Di Sāvatthī. “Para bhikkhu, Aku mengatakan bahwa penghancuran noda-noda adalah bagi orang yang mengetahui dan melihat, bukan bagi orang yang tidak mengetahui dan tidak melihat. Bagi orang yang mengatahui apakah, orang yang melihat apakah, maka penghancuran noda-noda terjadi? ‘Demikianlah bentuk, demikianlah asal-mulanya, demikianlah lenyapnya; demikianlah perasaan ... demikianlah persepsi ... demikianlah bentukan-bentukan kehendak ... demikianlah kesadaran, demikianlah asal-mulanya, demikianlah lenyapnya’: adalah bagi orang yang mengetahui demikian, bagi orang yang melihat demikian, maka penghancuran noda-noda terjadi. [30]

“Aku mengatakan, para bhikkhu, bahwa pengetahuan penghancuran sehubungan dengan kehancuran memiliki penyebab langsung; bukan tanpa penyebab langsung. Dan apakah penyebab langsung dari pengetahuan penghancuran? Harus dijawab: kebebasan.

“Aku mengatakan, para bhikkhu, bahwa kebebasan juga memiliki penyebab langsung; bukan tanpa penyebab langsung. Dan apakah penyebab langsung bagi kebebasan? Harus dijawab: kebosanan.

“Aku mengatakan, para bhikkhu, bahwa kebosanan juga memiliki penyebab langsung; bukan tanpa penyebab langsung. Dan apakah penyebab langsung bagi kebosanan? Harus dijawab: kejijikan.

“Aku mengatakan, para bhikkhu, bahwa kejijikan juga memiliki penyebab langsung; bukan tanpa penyebab langsung. Dan apakah penyebab langsung bagi kejijikan? Harus dijawab: pengetahuan dan penglihatan atas segala sesuatu sebagaimana adanya.

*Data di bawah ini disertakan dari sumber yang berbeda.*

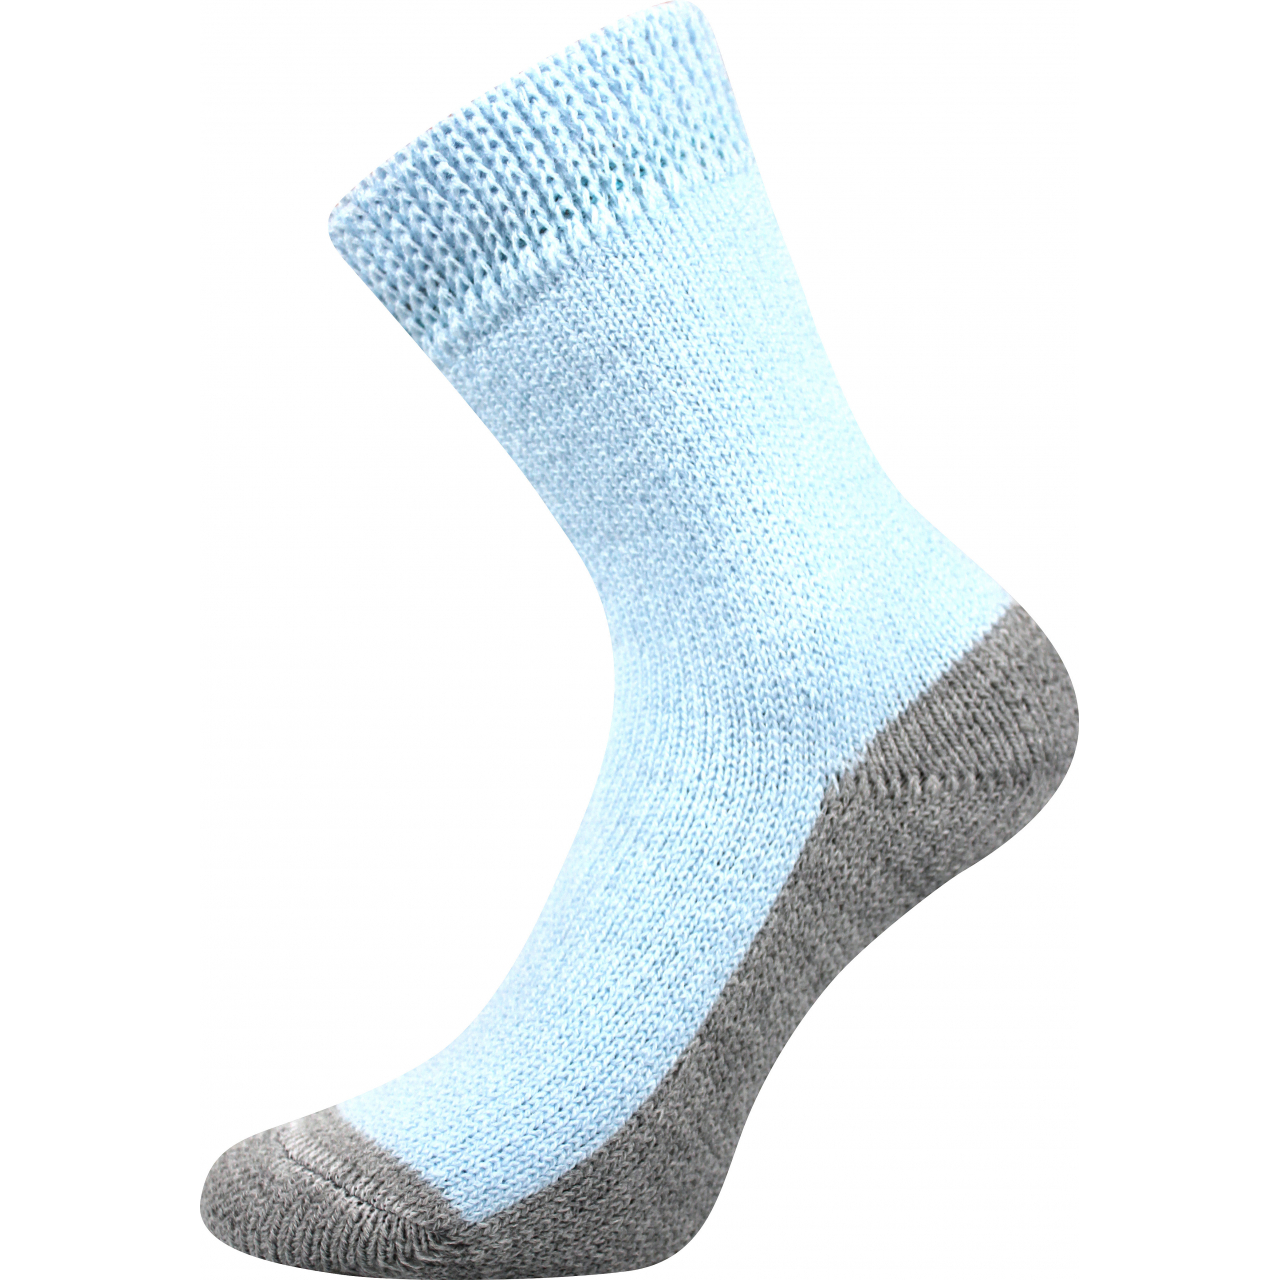 Ponožky unisex Boma Spací - světle modré, 35-38

“Aku mengatakan, para bhikkhu, bahwa pengetahuan dan penglihatan atas segala sesuatu sebagaimana adanya juga memiliki penyebab langsung; bukan tanpa penyebab langsung. Dan apakah penyebab langsung bagi pengetahuan dan penglihatan atas segala sesuatu sebagaimana adanya? Harus dijawab: konsentrasi.

“Aku mengatakan, para bhikkhu, bahwa konsentrasi juga memiliki penyebab langsung; bukan tanpa penyebab langsung. Dan apakah penyebab langsung bagi konsentrasi? Harus dijawab: kebahagiaan.

“Aku mengatakan, para bhikkhu, bahwa kebahagiaan juga memiliki penyebab langsung; bukan tanpa penyebab langsung. Dan apakah penyebab langsung bagi kebahagiaan? Harus dijawab: ketenangan.

“Aku mengatakan, para bhikkhu, bahwa ketenangan juga memiliki penyebab langsung; bukan tanpa penyebab langsung. Dan apakah penyebab langsung bagi ketenangan? Harus dijawab: kegairahan.

“Aku mengatakan, para bhikkhu, bahwa kegairahan juga memiliki penyebab langsung; bukan tanpa penyebab langsung. Dan apakah penyebab langsung bagi kegairahan? Harus dijawab: kegembiraan.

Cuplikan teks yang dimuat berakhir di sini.